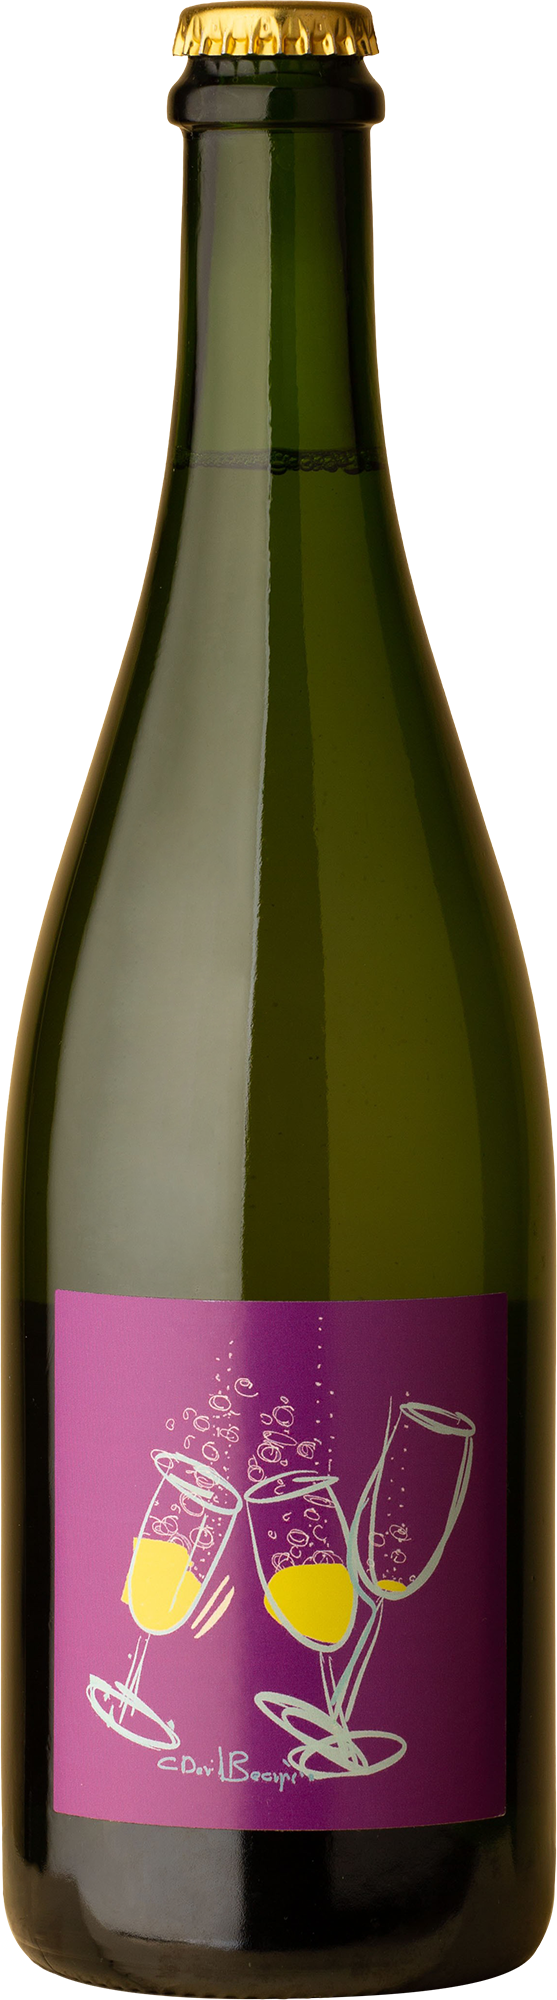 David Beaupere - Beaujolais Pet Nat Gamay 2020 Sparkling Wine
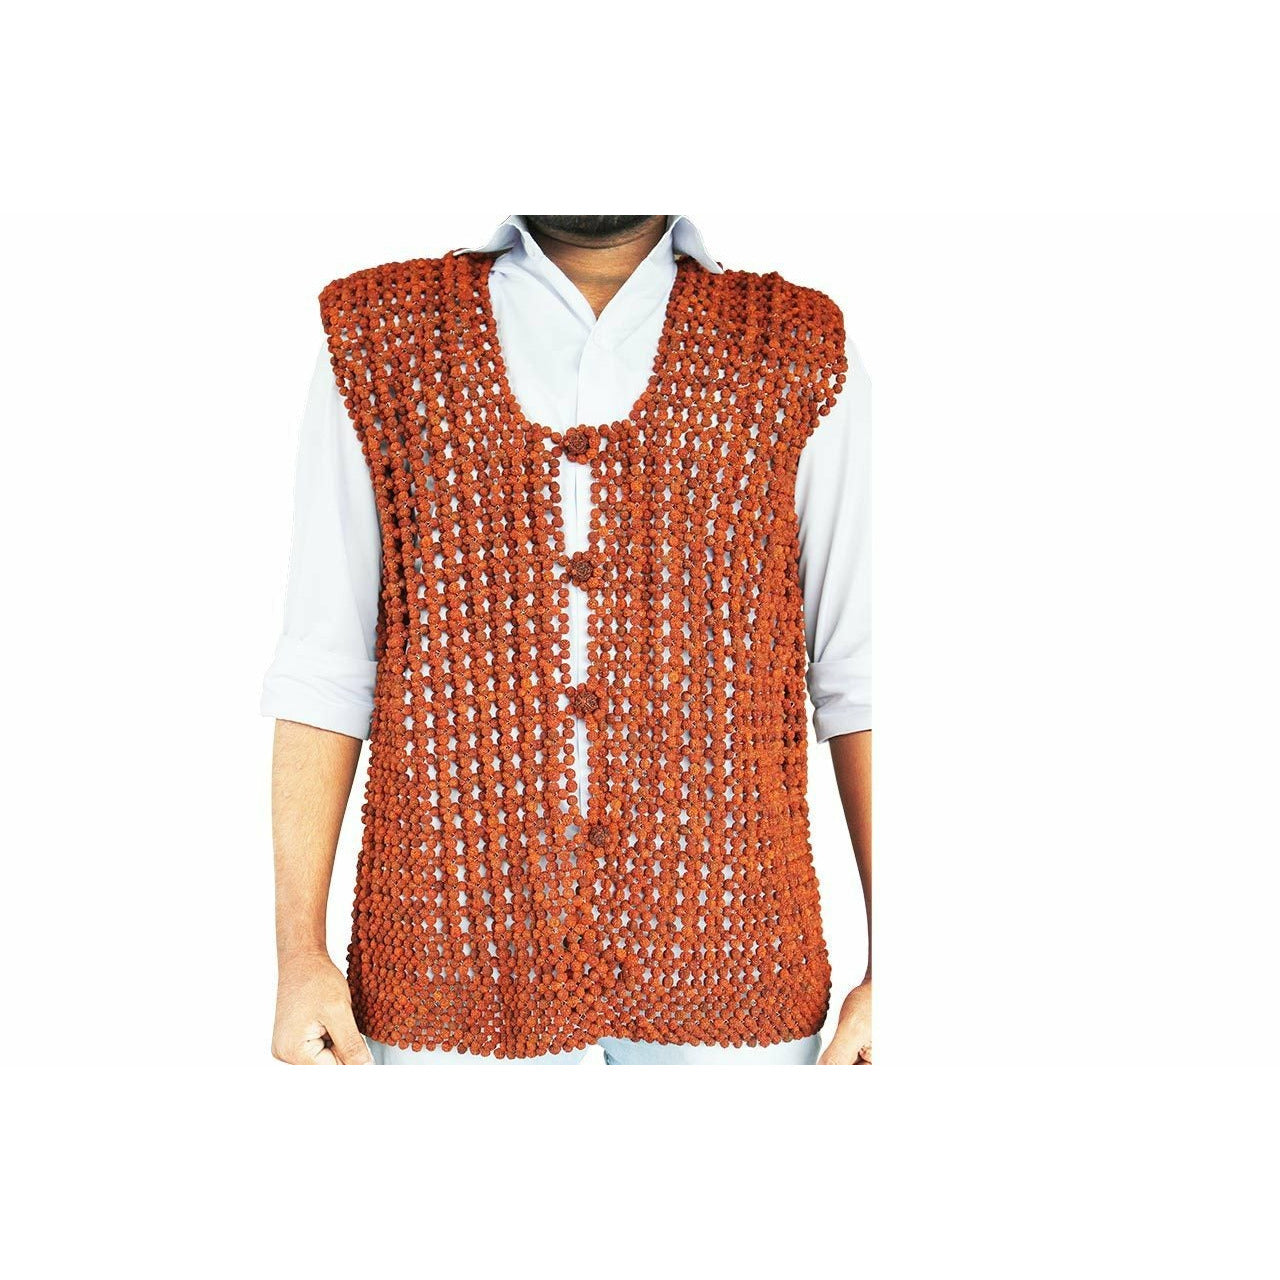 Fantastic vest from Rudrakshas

################

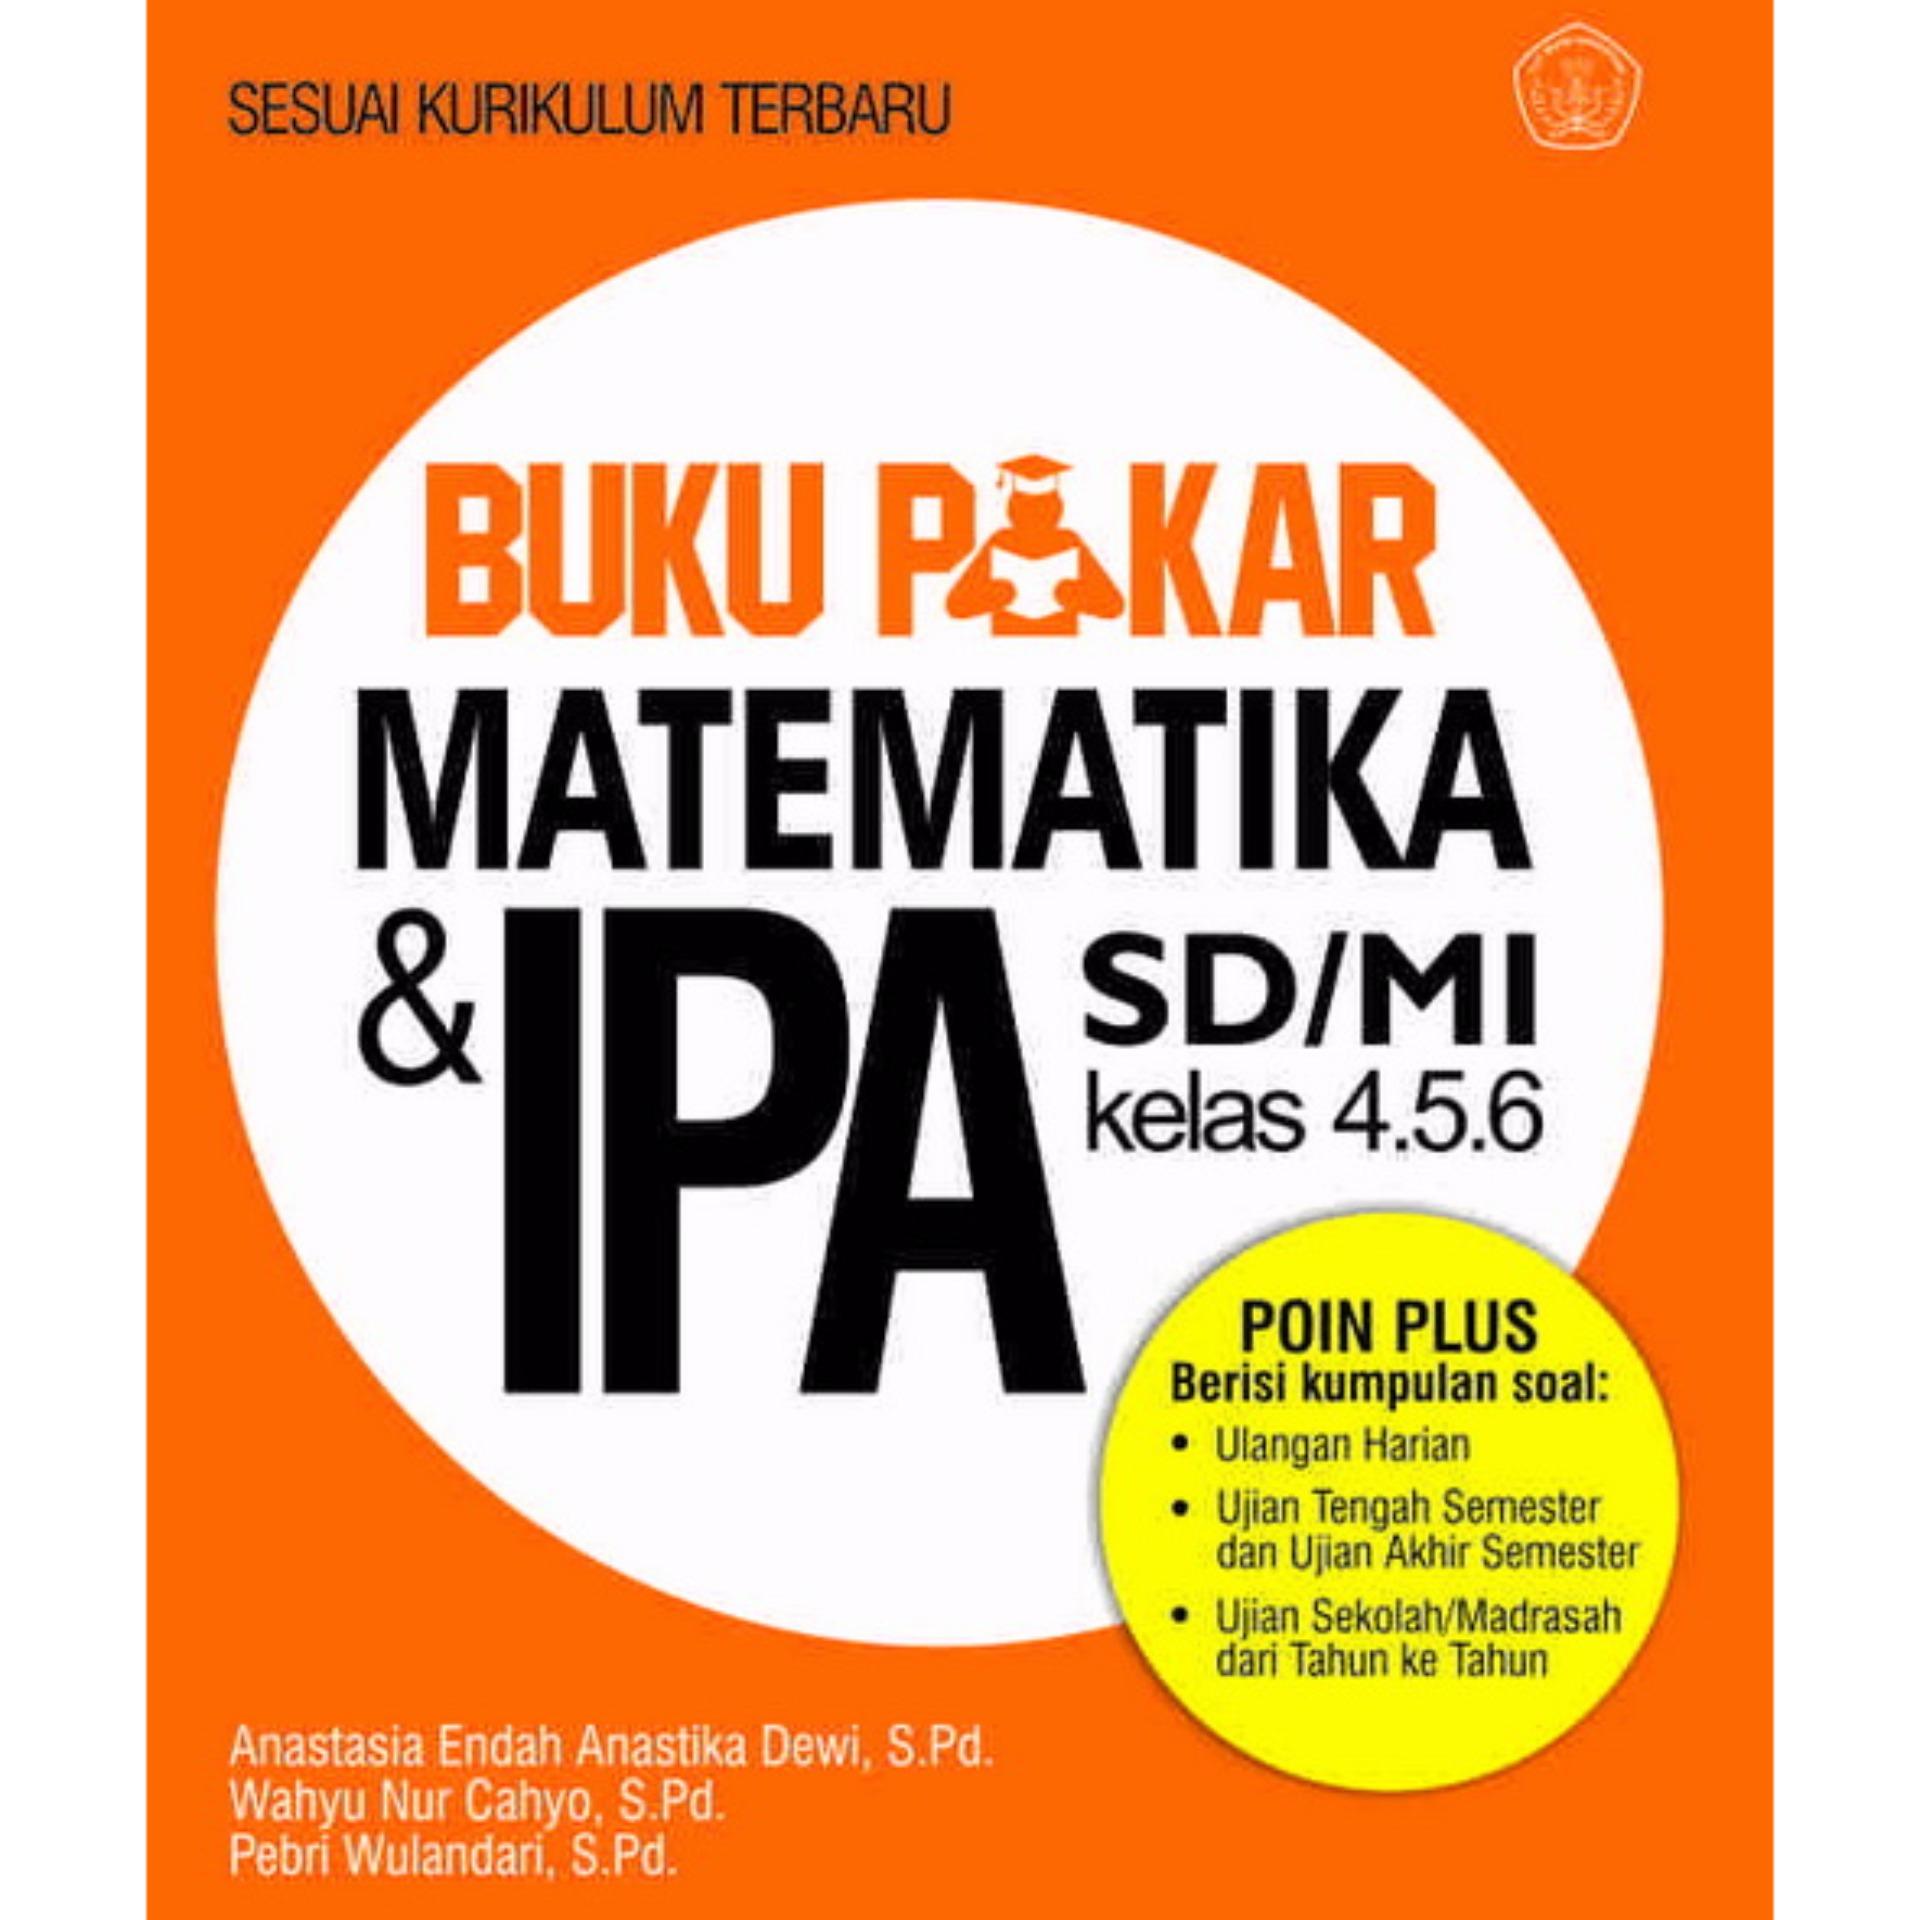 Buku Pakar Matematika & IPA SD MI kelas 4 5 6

################

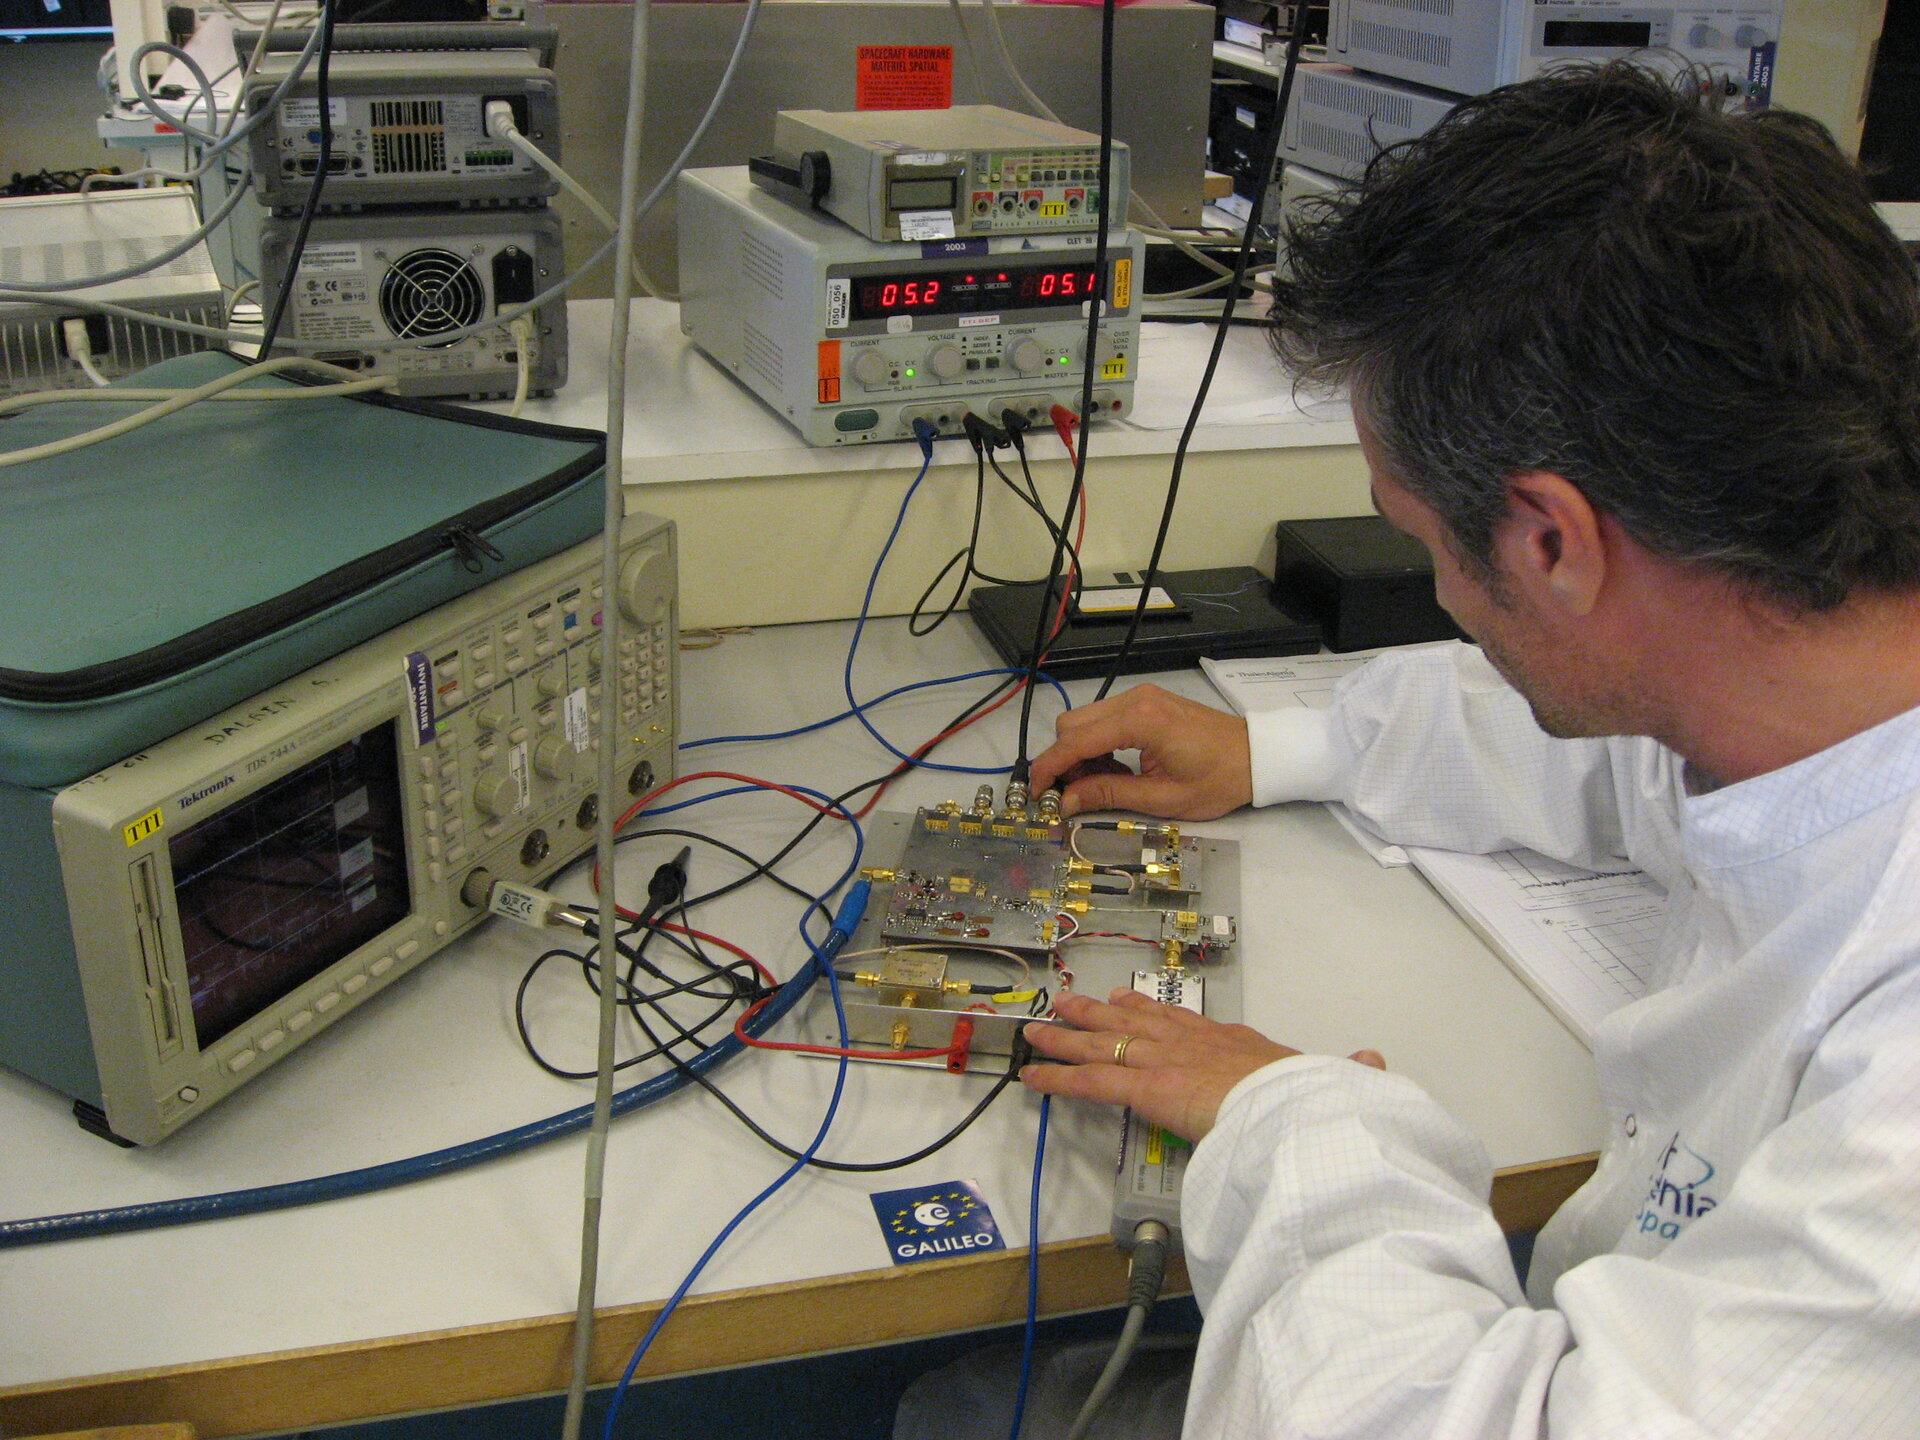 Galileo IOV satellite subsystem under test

################

[Assignment]:
In the records above, everything from the line with "David Beaupere - Beaujolais" down to the line with "Fantastic vest from Rudrakshas" must be duplicated exactly, both lines kept. Leave no pictures in.

[Output below]:
 David Beaupere - Beaujolais Pet Nat Gamay 2020 Sparkling Wine
 Fantastic vest from Rudrakshas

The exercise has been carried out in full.